BEGIN GIVEN RECORDS

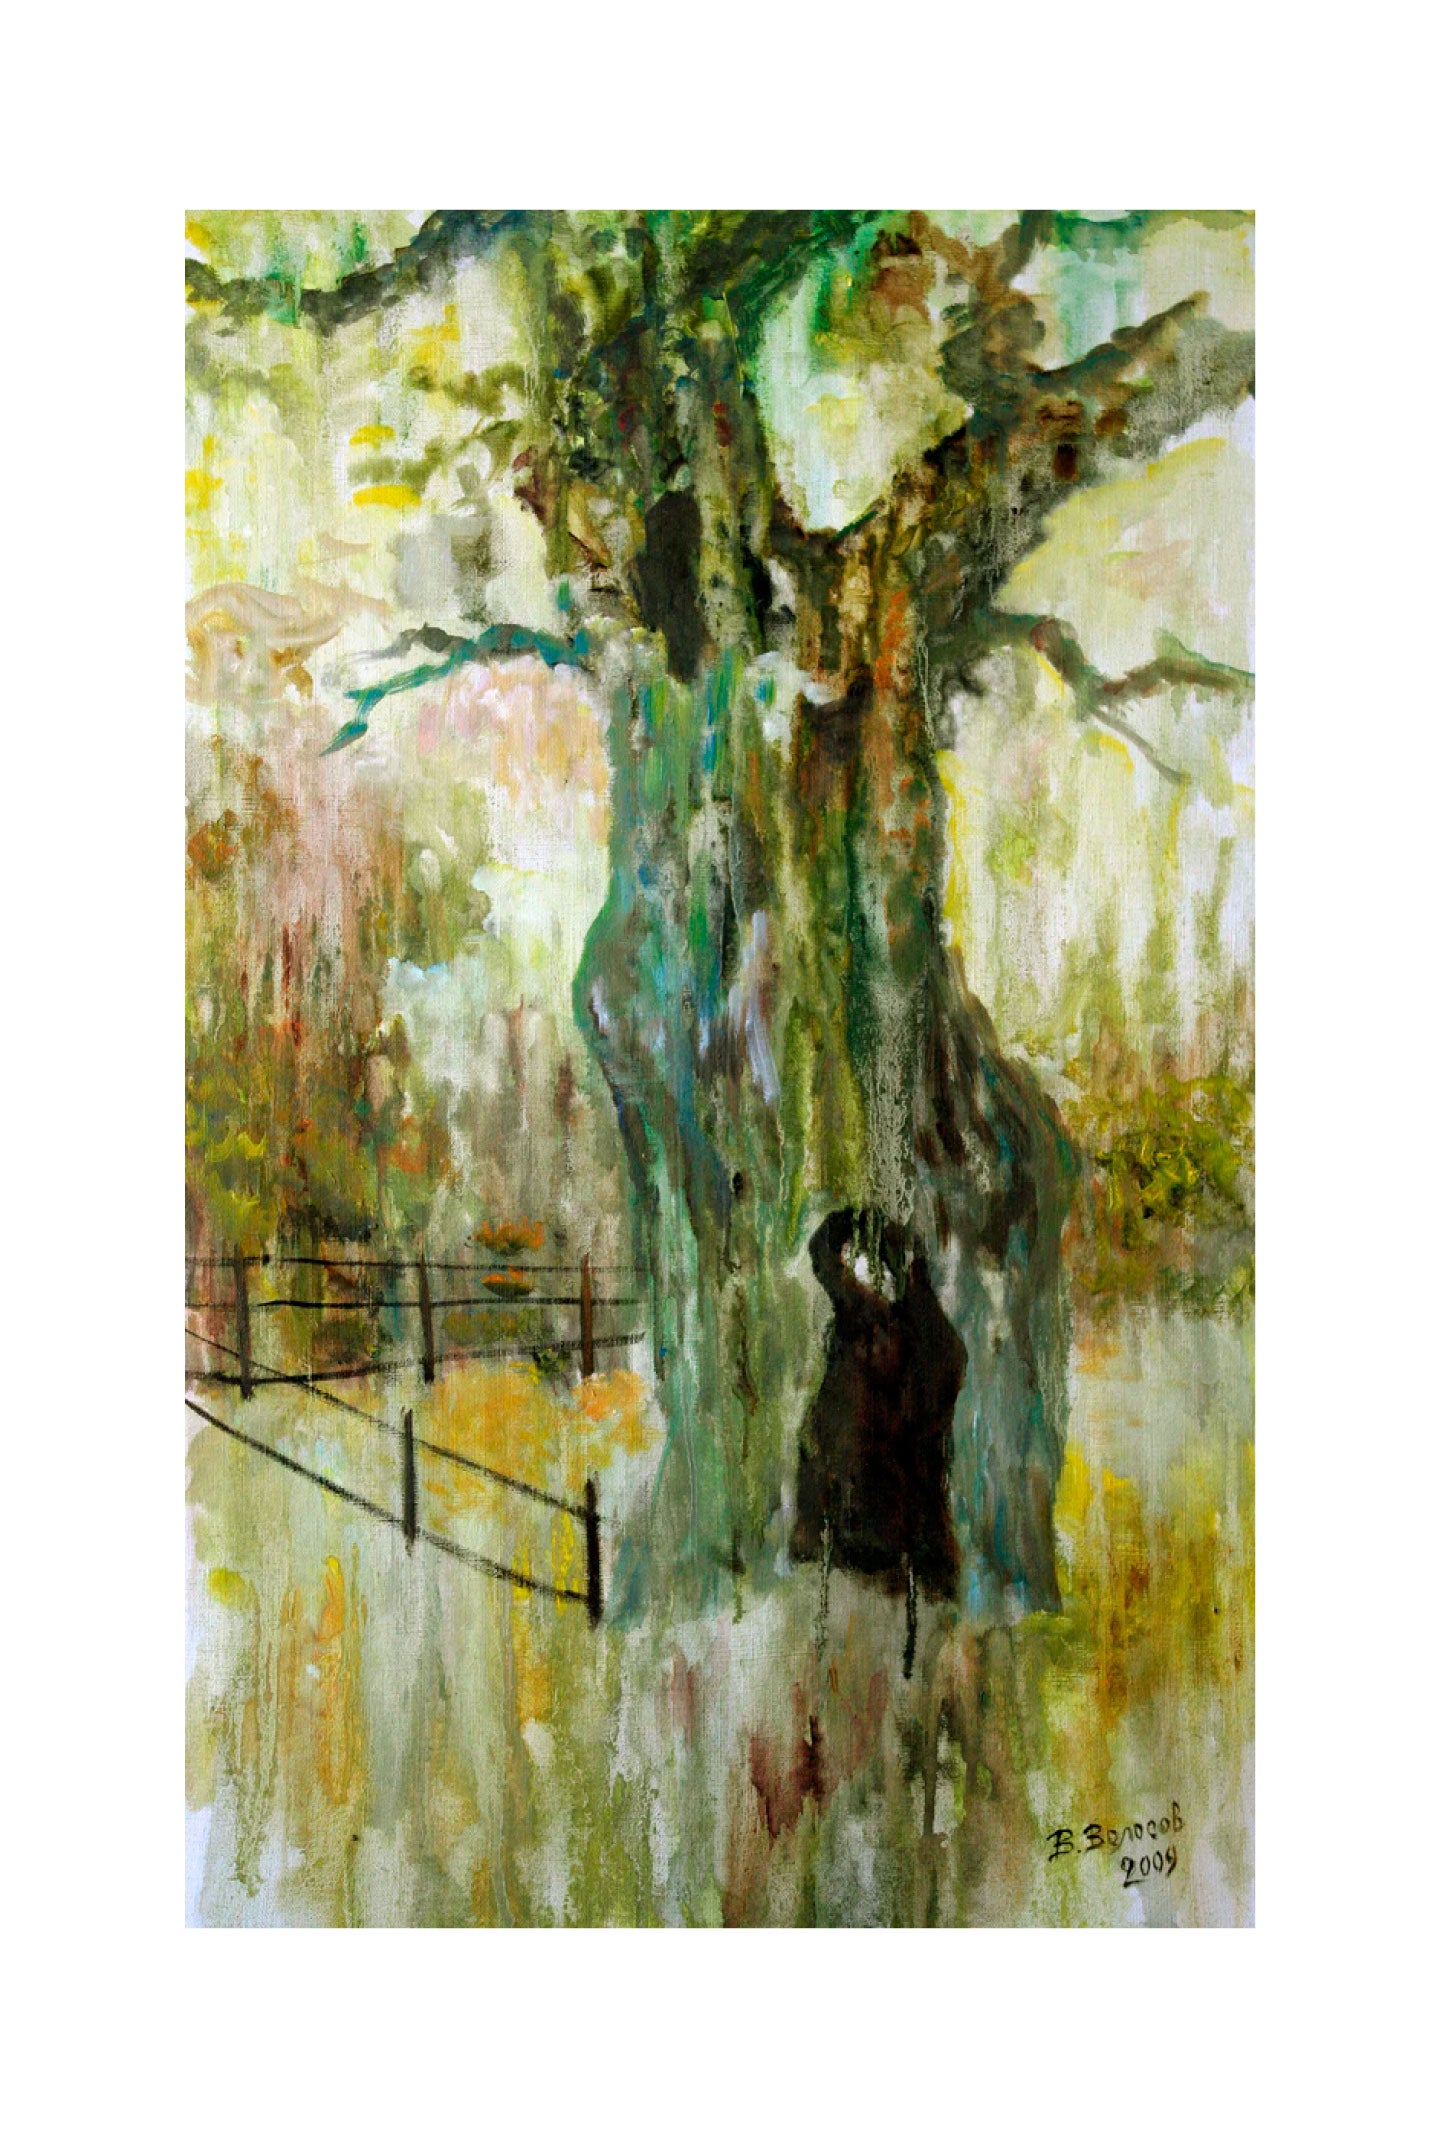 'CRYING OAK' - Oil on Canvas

END GIVEN RECORDS
BEGIN GIVEN RECORDS

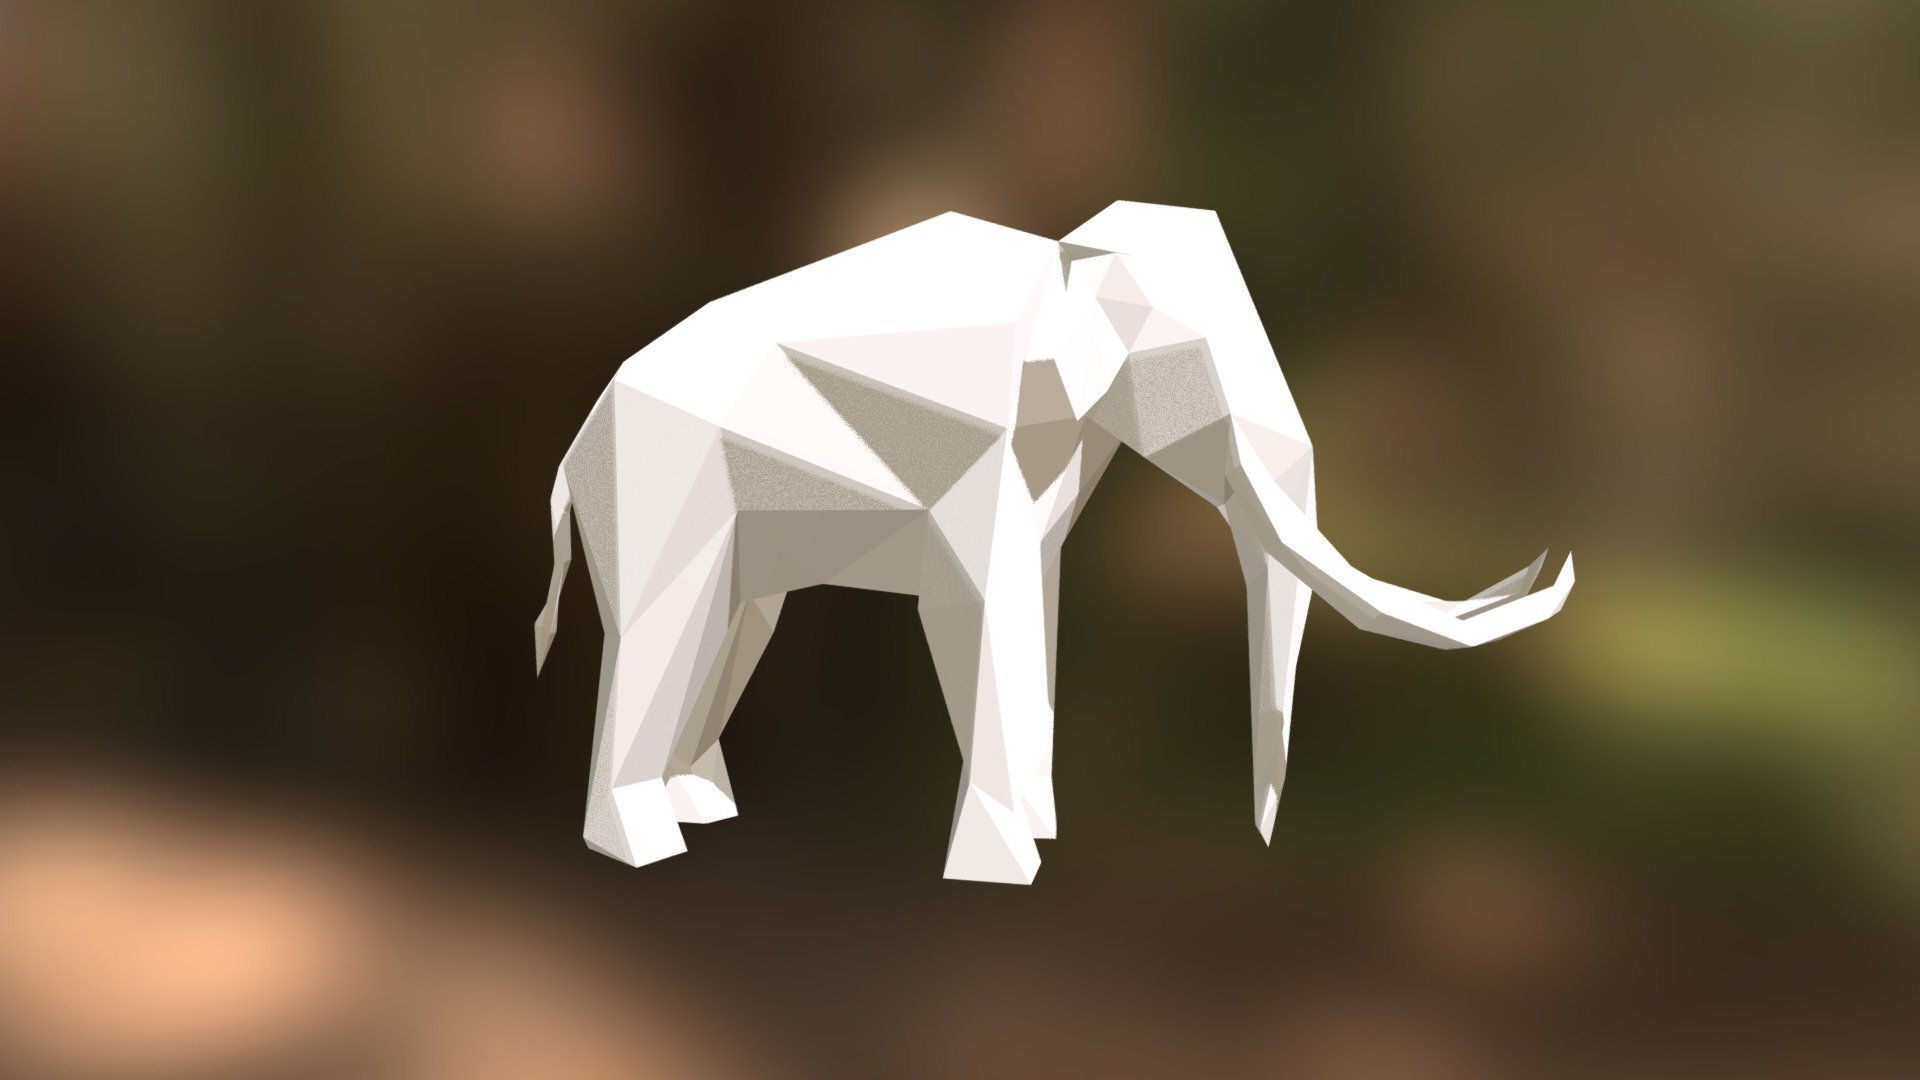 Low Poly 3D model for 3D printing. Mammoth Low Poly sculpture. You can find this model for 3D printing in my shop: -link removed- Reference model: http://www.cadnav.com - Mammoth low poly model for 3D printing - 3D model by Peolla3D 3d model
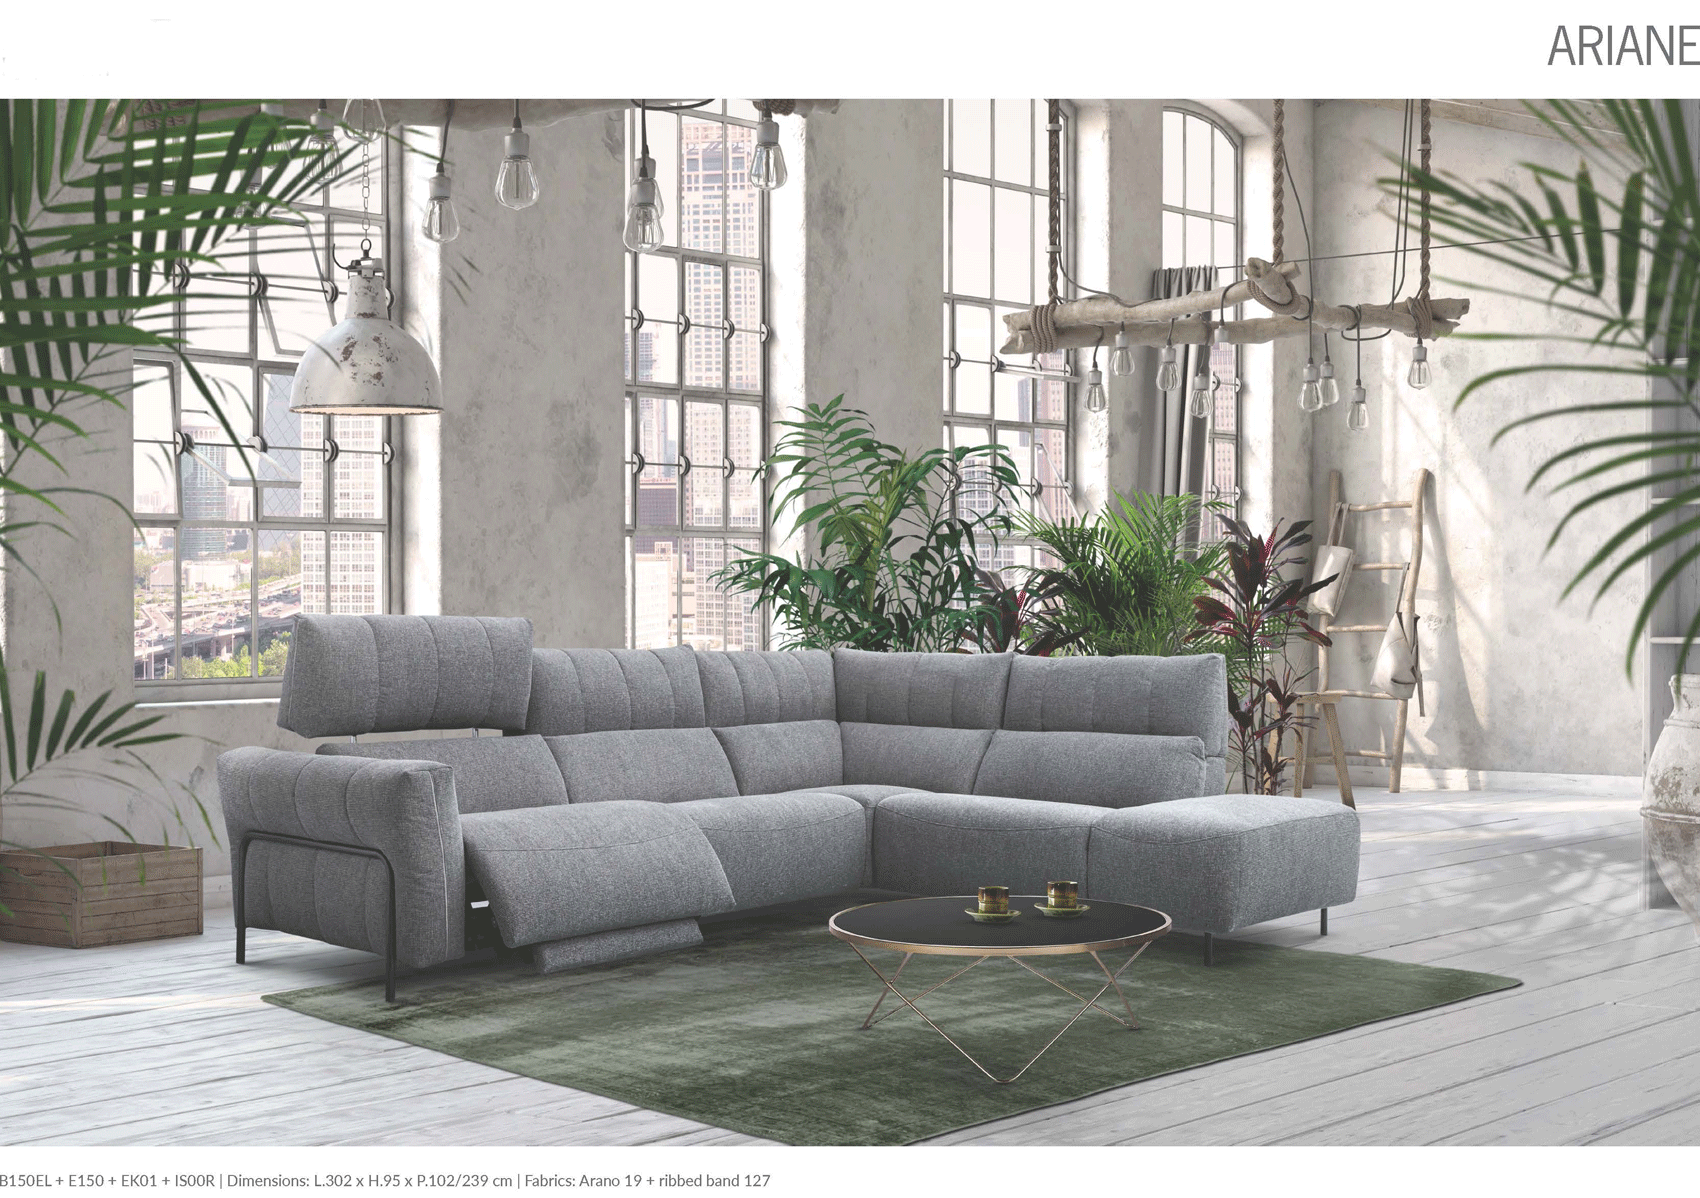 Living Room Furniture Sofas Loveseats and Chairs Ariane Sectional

END GIVEN RECORDS
BEGIN GIVEN RECORDS

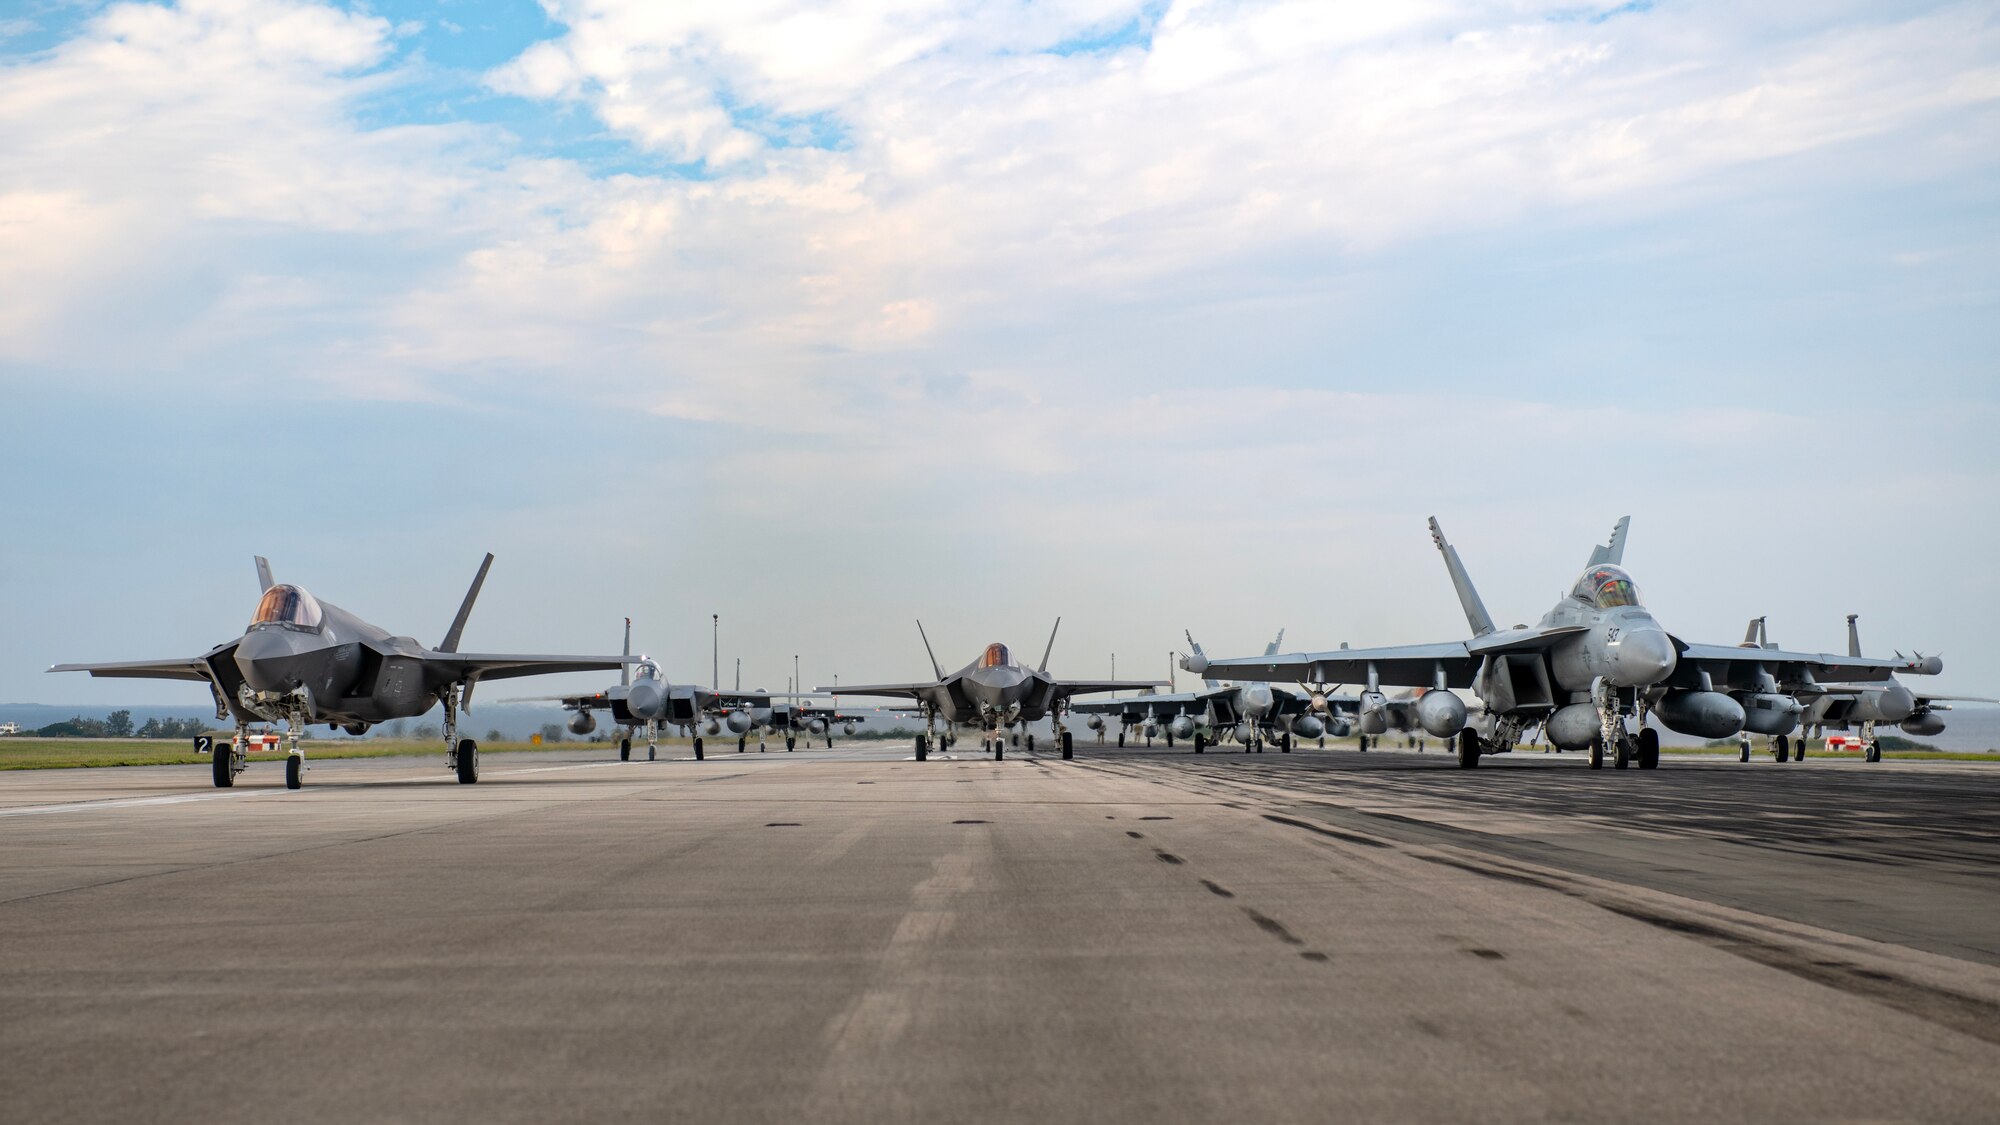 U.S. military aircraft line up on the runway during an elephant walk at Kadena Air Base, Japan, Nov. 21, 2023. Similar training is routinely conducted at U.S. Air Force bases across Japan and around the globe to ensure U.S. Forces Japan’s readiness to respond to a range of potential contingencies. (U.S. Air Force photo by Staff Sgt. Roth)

END GIVEN RECORDS

EXERCISE DESCRIPTION | Precisely those lines above that run from the line with "Low Poly 3D" up to and including the line with "Living Room Furniture" are to be set down, with the pictures omitted.

WORKED SOLUTION |
 Low Poly 3D model for 3D printing. Mammoth Low Poly sculpture. You can find this model for 3D printing in my shop: -link removed- Reference model: http://www.cadnav.com - Mammoth low poly model for 3D printing - 3D model by Peolla3D 3d model
 Living Room Furniture Sofas Loveseats and Chairs Ariane Sectional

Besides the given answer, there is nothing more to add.